TASK GOAL:
Starting at the line below that contains "תושבי ברצלונה מפגינים" and ending at the line that contains "Haakaa Breastfeeding Nipple Shield", retype each line exactly as it stands, but omit the pictures.

** INPUT MATERIAL follows **

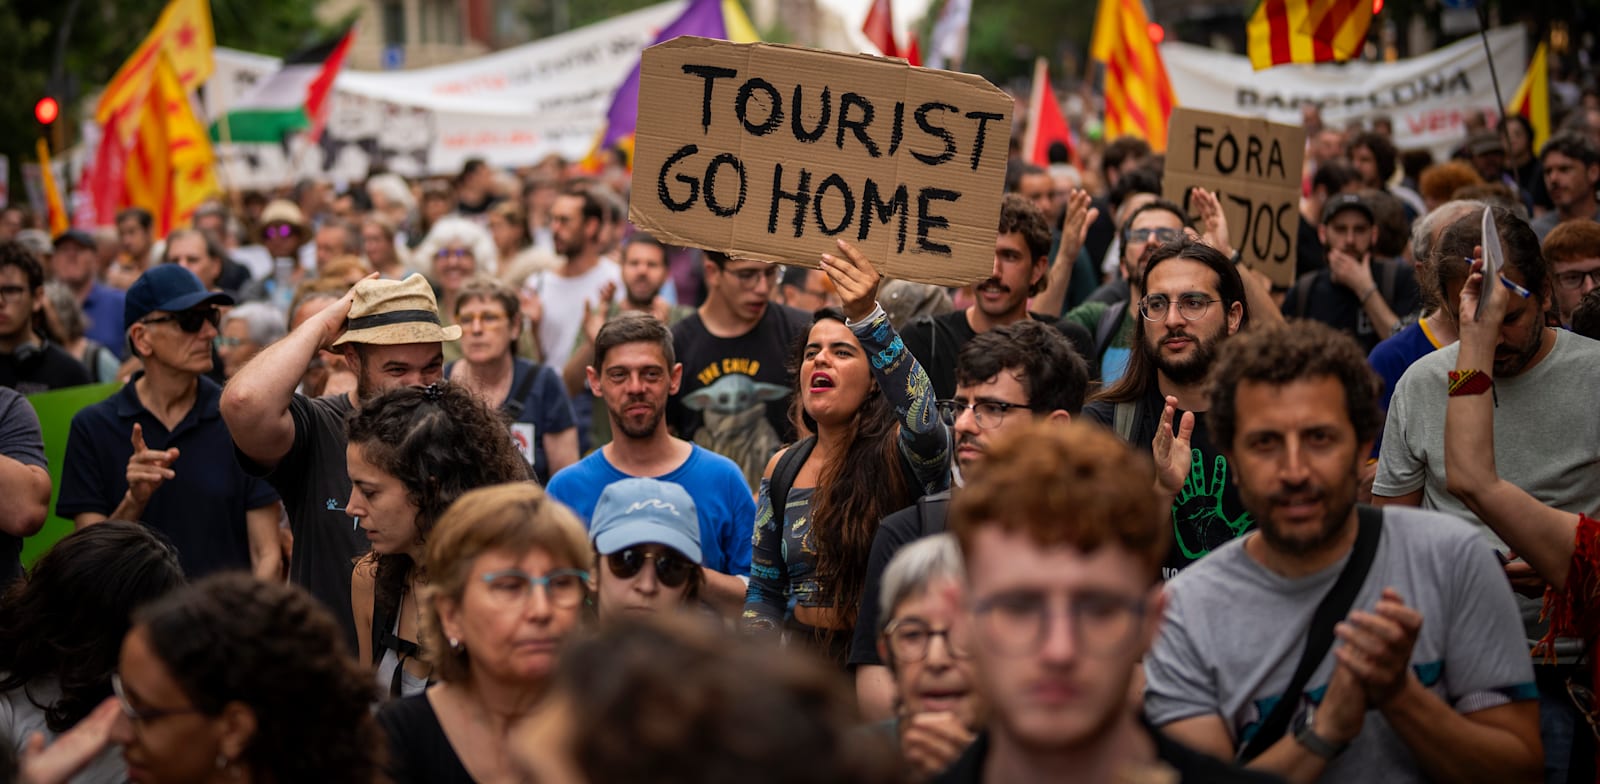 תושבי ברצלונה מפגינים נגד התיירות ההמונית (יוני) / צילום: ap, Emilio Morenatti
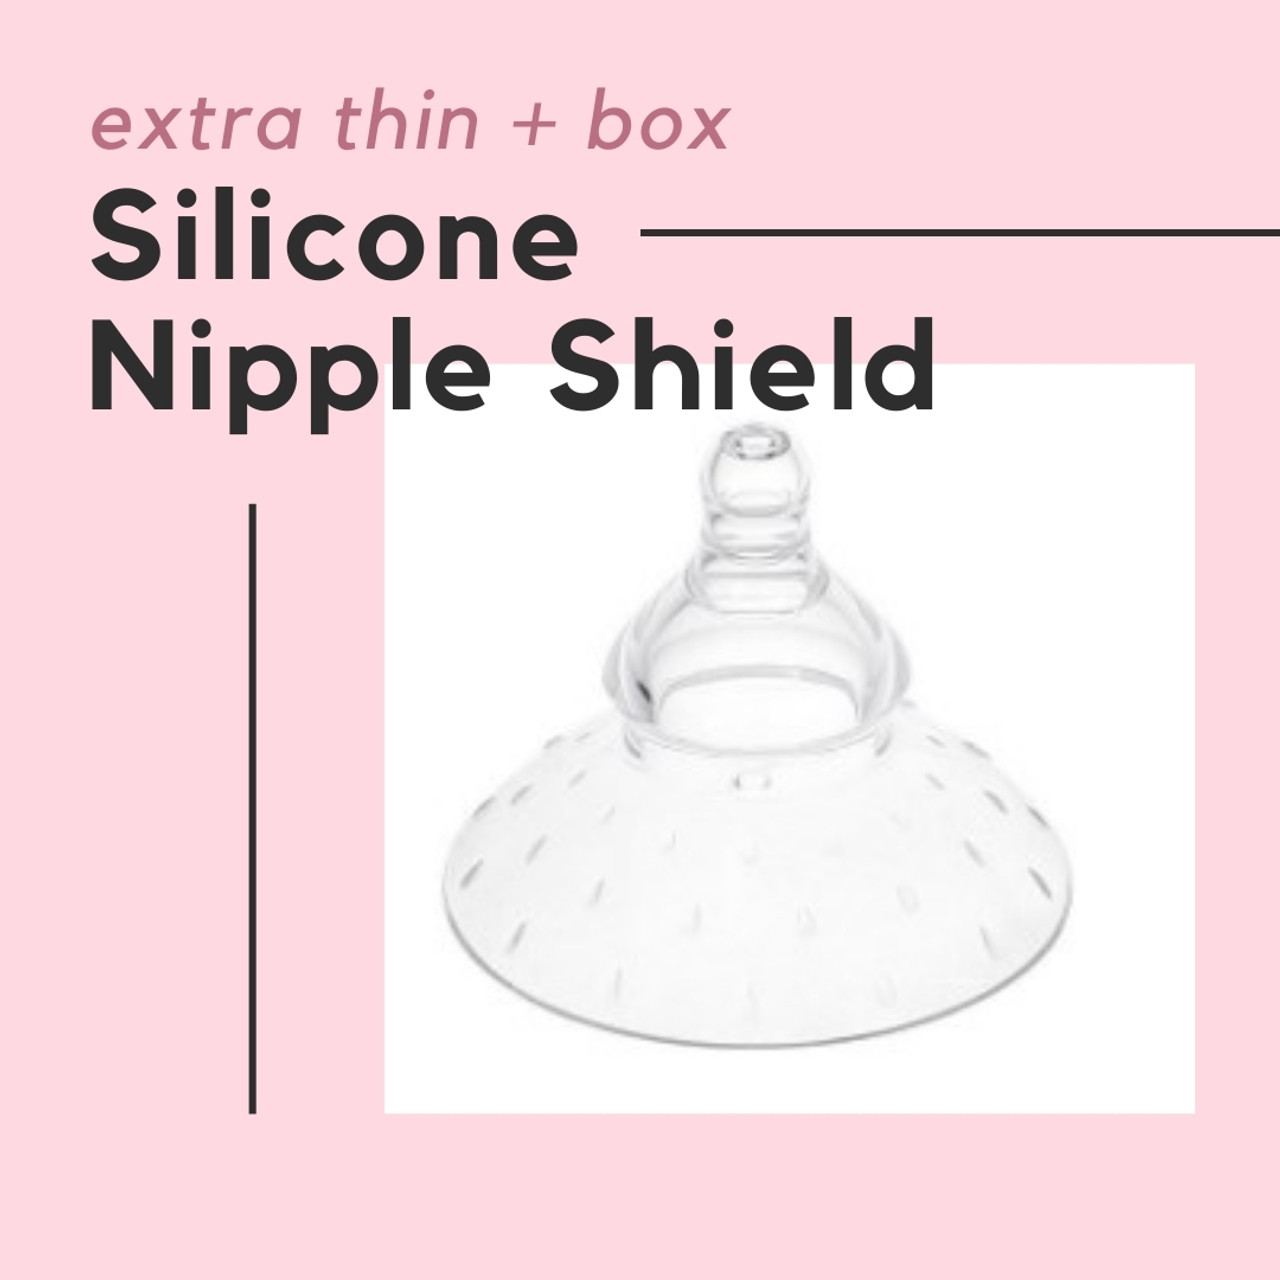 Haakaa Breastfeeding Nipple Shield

** End of INPUT MATERIAL **
** INPUT MATERIAL follows **

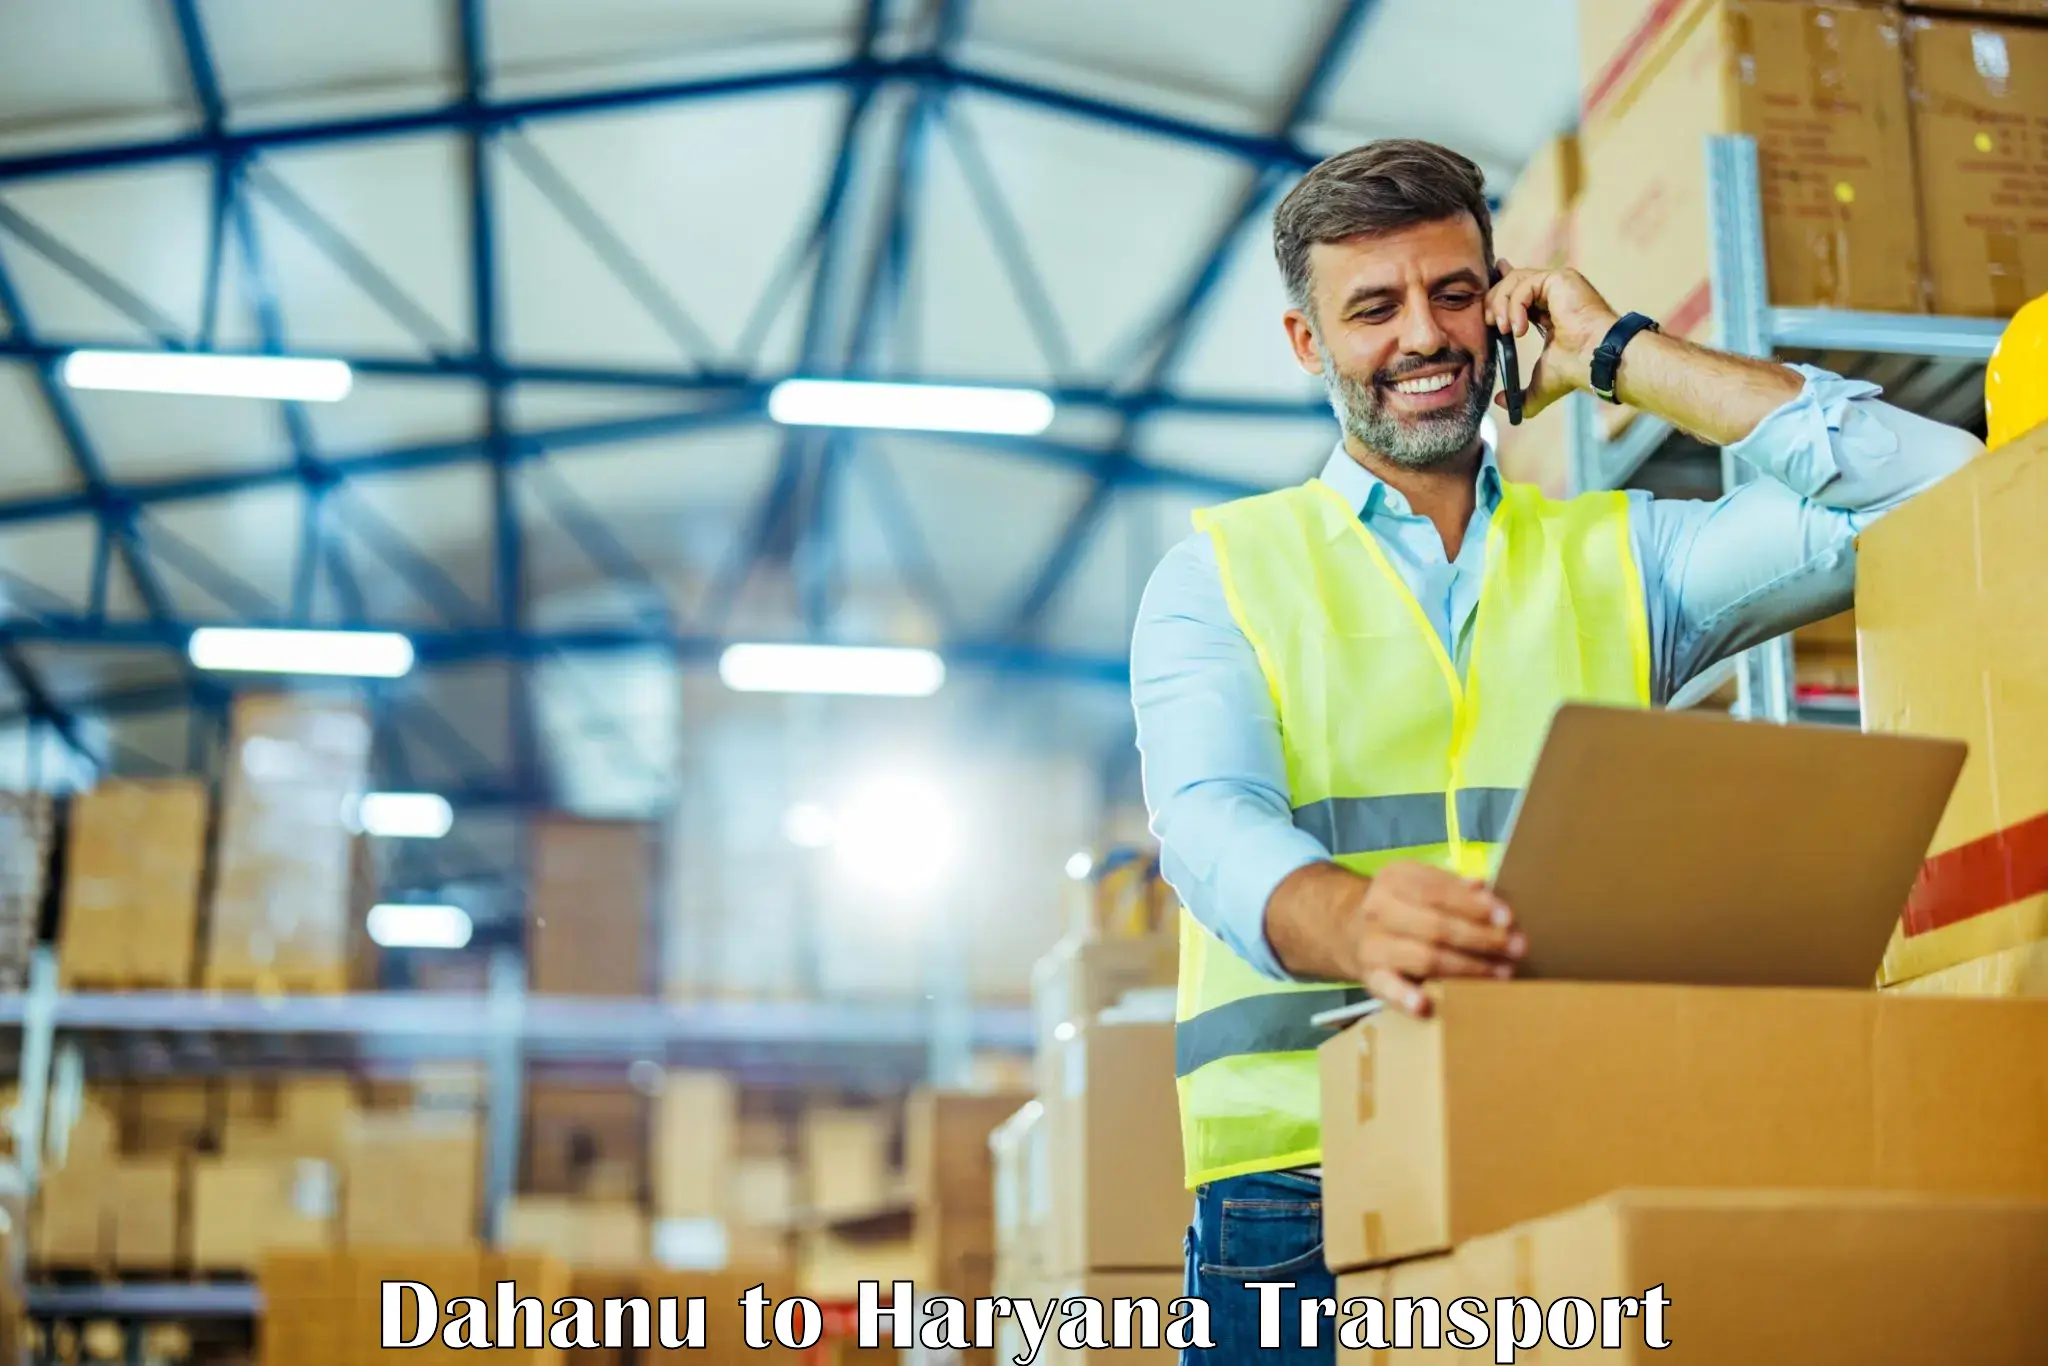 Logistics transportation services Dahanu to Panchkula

** End of INPUT MATERIAL **

ANSWER TO THIS EXERCISE:
 תושבי ברצלונה מפגינים נגד התיירות ההמונית (יוני) / צילום: ap, Emilio Morenatti
 Haakaa Breastfeeding Nipple Shield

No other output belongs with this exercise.